While the effort might seem like Kohl’s is just trying to mimic Penney’s massive success with its Sephora stores—those generate $600 per square foot a year, nearly four times the overall Penney average —the company says early results show it is paying off: such beauty sections in higher-volume (more than $15 million a year) Kohl’s stores have helped those locations’ comparable sales beat the chain’s average by 2 percentage points.
The segment currently only accounts for about 2% of overall sales, but the company says that could grow to 5% in the next few years. Kohl’s started out the year with beauty sections at 280 of its stores and should get to about 900 by the end of next year. The calculus is that more beauty will mean more traffic in Kohl’s stores.
“Our core customer is a regular purchaser of beauty products, and she doesn’t buy them at Kohl’s, which means that visit is going somewhere else,” Mansell said. The beauty expansion will also serve as a template for further new merchandising initiatives, he added.
Another misstep Mansell’s new strategy seeks to fix is the overly large focus on Kohl’s private and exclusive collections. They now generate about 52% of sales, compared to about 30% in 2005. (At Macy’s, (M) they account for some 25% of sales.)
Private collections offer higher profit margins, and in many cases, such as Kohl’s Simply Vera Very Wang and Jennifer Lopez lines, have been big hits. But they also have overshadowed Kohl’s assortments of national brands like Nike and Levi Strauss — which collectively for the last four quarters have outperformed Kohl’s in-house brands in terms of comparable sales, and are key to generating store visits.
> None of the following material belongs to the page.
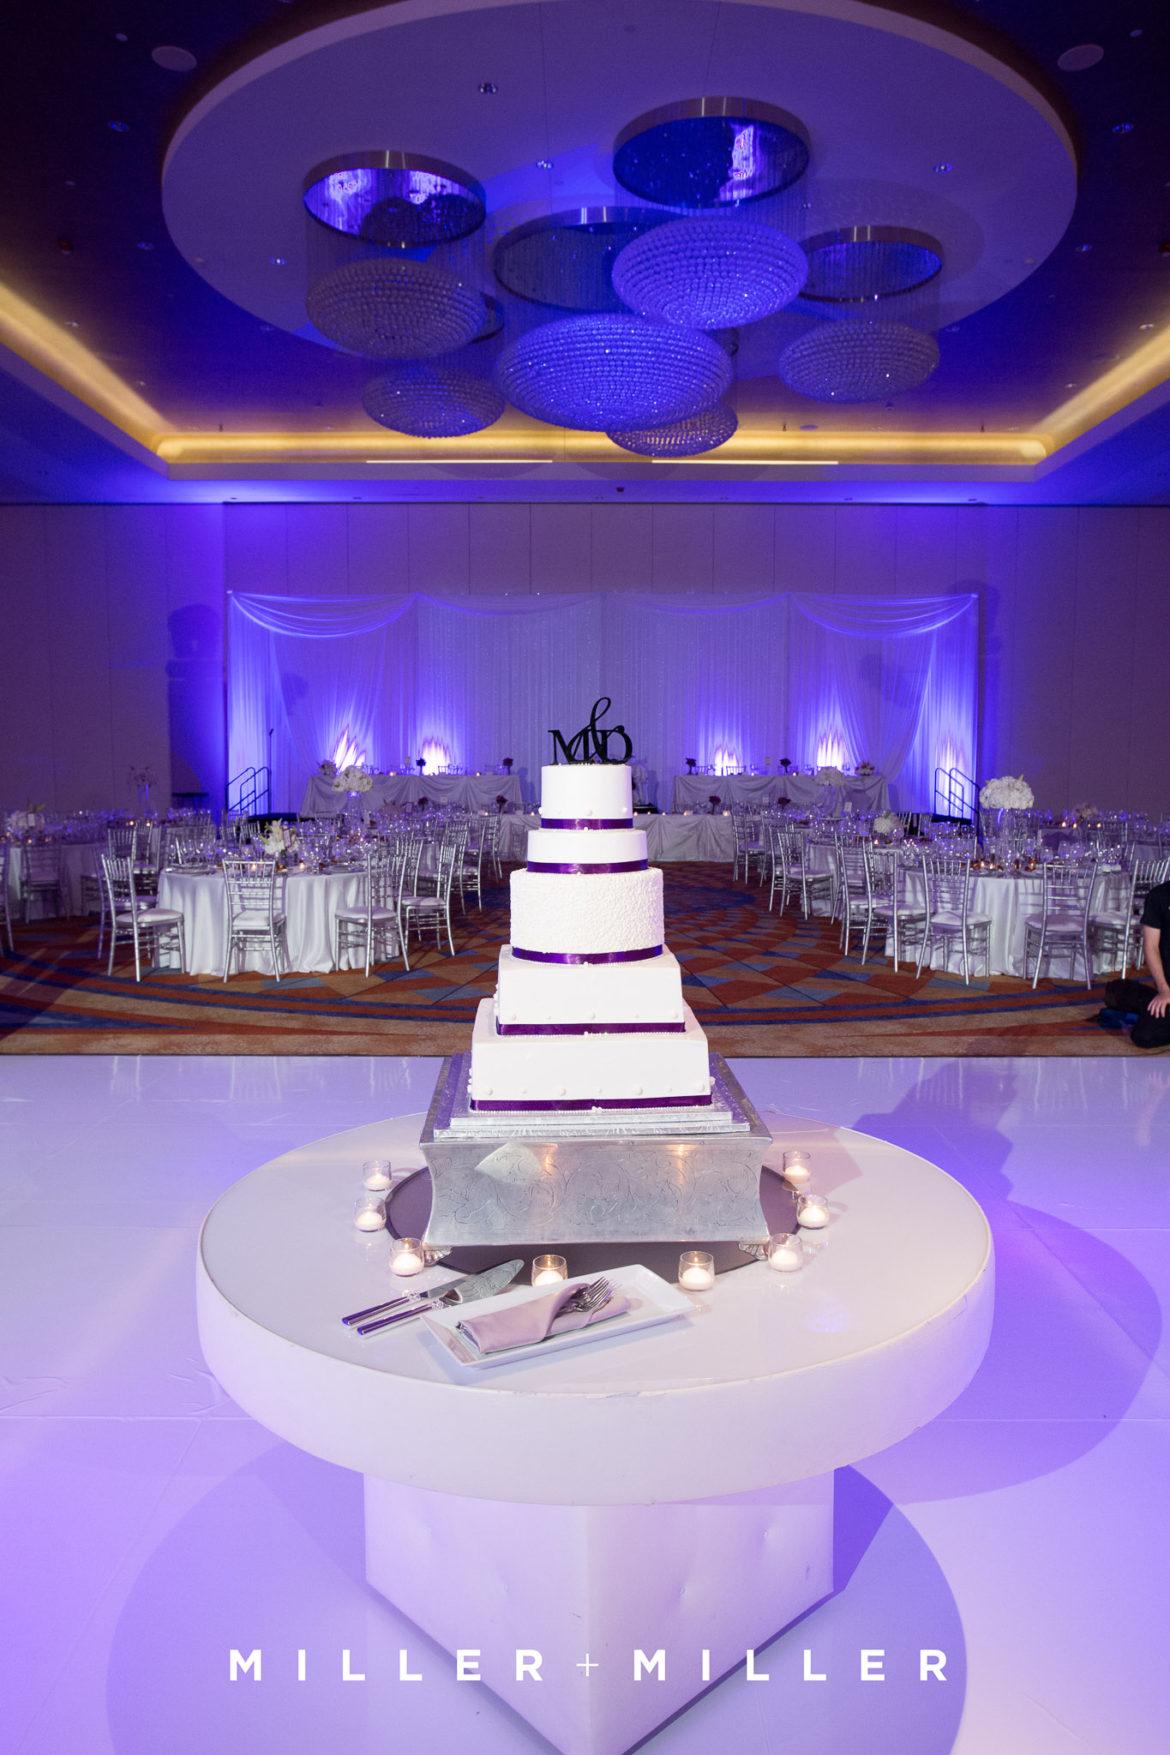 Elegant_Event_Lighting_Chicago_Renaissance_Schaumburg_Wedding_Uplighting_Purple_White_Backdrop_Draping_White_Vinyl_Dance_Floor_Flower

“We know that we have slipped with consumers in the perception of Kohl’s as a place to get great national brands,” Mansell said, pointing to the need to find a more balanced mix. Still, new exclusive lines, such as its recently launched Juicy Couture apparel collection, will remain an important part of its merchandising.
A big piece of Kohl’s strategy is the loyalty program it is launching next month. Rather than being available solely to Kohl’s store card holders, as its current awards program is, which Mansell said is ill-suited at a time many consumers can’t qualify for credit or simply prefer to use other means of payment like cash or another credit card, the loyalty card will be open to any Kohl’s shopper, regardless of payment method. The loyalty program, launching nationwide in October after successful testing in some select markets, will give Kohl’s a much bigger trove of the data it needs so it can make personalized offers based on a shopper’s habits and tastes.
There is a growing sense on Wall Street that Kohl’s is finally starting to get its form back and these initiatives will help: Kohl’s shares have been trading around a 52-week high.
“They’re probably in the best position they’ve been in five years,” said Brian Yarbrough, an analyst with Edward Jones. Still, Kohl’s knows it is not out of the woods yet—after all comparable sales are down 2.3% so far this year.
“Beauty is successful, and it’s rolling out really quickly,” Mansell said. “But we need more.”